Enterprise Third Party Risk Analyst (REMOTE)

Job Summary

This role serves as an analyst with experience applying broad audit, risk management or consulting techniques. TPRM is a critical function needed to both ensure value creation and management of financial, information security, legal, operational, regulatory/contractual, reputation and strategic risks. The role helps ensure the GuideWell enterprise employs a responsive, targeted enterprise-wide framework to evaluate, respond to, and monitor third party risk.
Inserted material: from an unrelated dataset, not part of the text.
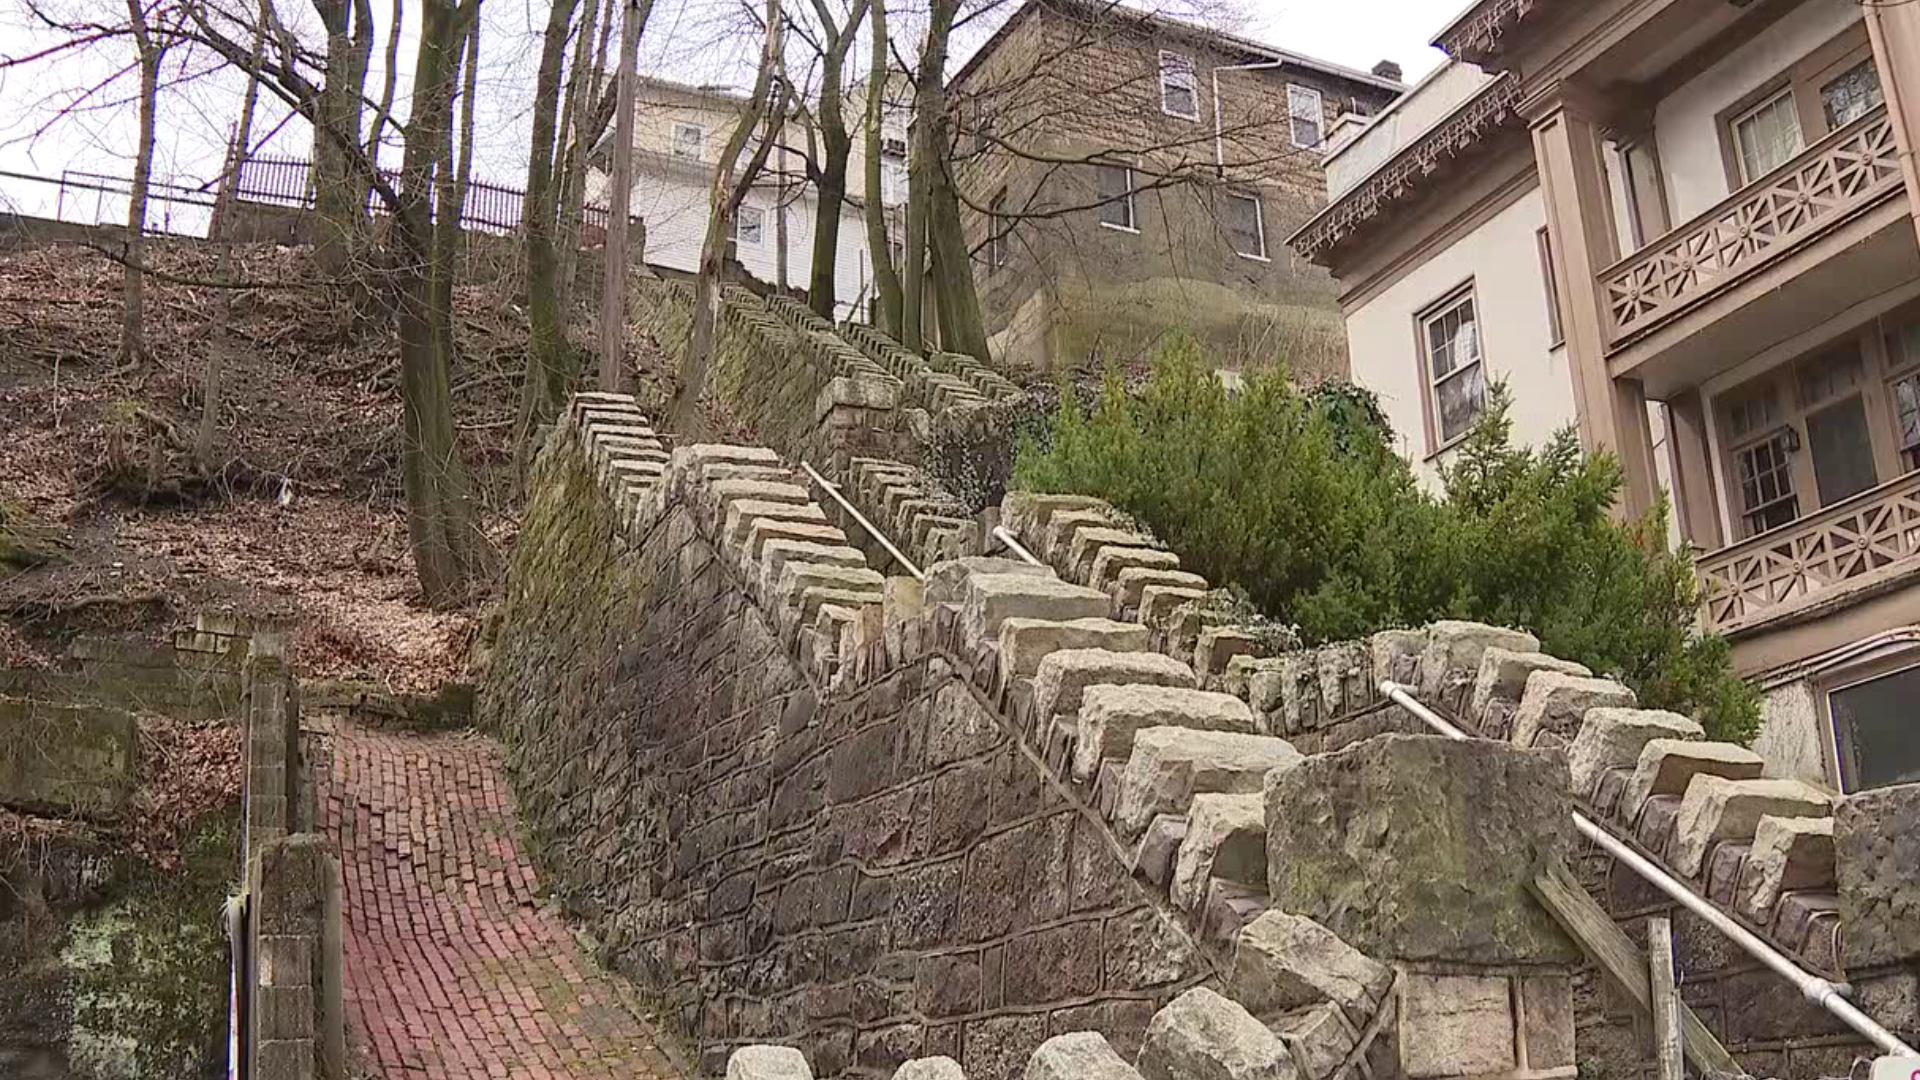 They are known as "99 steps" and they've been around for more than 100 years. Newswatch 16's Nikki Krize shows how you can help.

The incumbent is an individual contributor who assists the TPRM team in the performance of its goals and objectives.

What You Will Be Doing:

• The essential functions listed represent the major duties of this role, additional duties may be assigned.
• Supports TPRM team as part of executing the third-party risk management program, including ensuring policies and procedures are followed to enable effective oversight of the overall Enterprise Third-party Risk Management program.
• Interacts with third-parties, as needed, to perform reviews relating to the following control and process areas: information technology/security, operational, business resiliency, and regulatory/contractual compliance.
• Analyzes third-party risk as part of due diligence reviews for potential business partners to determine the adequacy of financial, operational and IT internal controls.
• Able to develop understanding of applicable laws, regulations, other government mandates, professional standards, conformance to industry best practices and relevance to the Company's business and IT and Information Security environments.
• Identifies and escalates complexities associated with coordination across multiple areas, conflicting efforts, and limited resources.

What You Must Have:

4+ years related work experience OR 2+ years of relevant Big Four work experience may be considered

Related Bachelor's degree or additional related equivalent work experience Accounting, Finance, Risk Management, Accounting Information Systems, Computer Information Systems or related field

Awareness of information security concepts, practices, and tools. Awareness of health care industry practices and applicable regulatory requirements. Proven ability to maintain confidentiality regarding sensitive information. Strong business-focused problem-solving skills. Excellent interpersonal skills with a demonstrated ability to establish relationships with team members.

What We Would Prefer:

Any of the following: Certified Information Systems Auditor (CISA) or Certified Internal Auditor (CIA) or Certified Third-Party Risk Management Professional (C3PRMP) or Certified Third-Party Risk Professional (CTPRP) Experience at a regional or international accounting and/or consulting firm. Familiarity with a Governance, Risk and Compliance suite of tools, preferably RSA Archer Third-party Risk Management use case.

General Physical Demands

Sedentary work: Exerting up to 10 pounds of force occasionally to move objects. Jobs are sedentary if traversing activities are required only occasionally.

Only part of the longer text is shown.